As oil and gas extraction activities move into deeper rock formations, many experimental studies and field investigations indicate rock exhibits a plastic behavior rather than a pure linear elastic behavior, so poroelastoplasticity must be taken into account in the reservoir simulation. Because reservoir rock is a porous material consisting of a compressible solid matrix and number of compressible fluids occupying the pore space, fully coupled modeling is required for reservoir simulation considering solid-fluid interaction, complex stress conditions and nonlinear behaviors. But the computational process could be cumbersome when constant tangent stiffness method is used to address the poroelastoplastic behavior. In this paper, a fully coupled poroelastoplasticity reservoir model based on Drucker-Prager yield criterion is implemented the tangent stiffness method, and the computational efficiency is compared with the constant stiffness method. The accuracy of these two methods is demonstrated in one-dimensional consolidation.
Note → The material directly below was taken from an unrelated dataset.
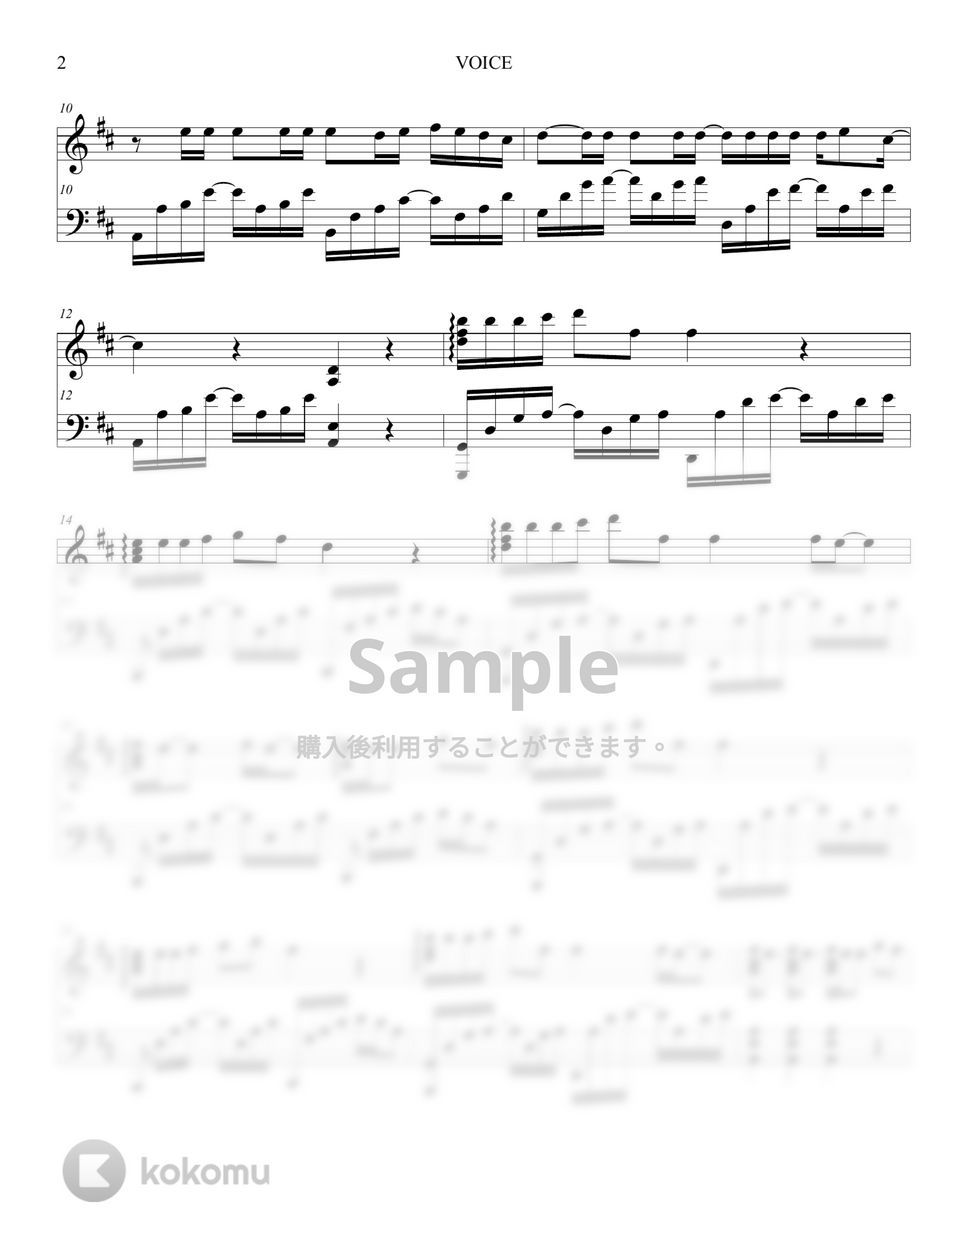 テヨン - VOICE by Lunar Piano

In a case study, these two methods are used to analyze the stresses and pore pressure of a reservoir and computing results and running efficiency are compared. Also, the linear elastic and nonlinear solutions are compared in one-dimensional consolidation and reservoir modeling. It shows that the difference between results by constant stiffness method and tangent stiffness method is very small, while the tangent stiffness method shows significantly fewer iteration numbers and shorter running time than the constant stiffness method.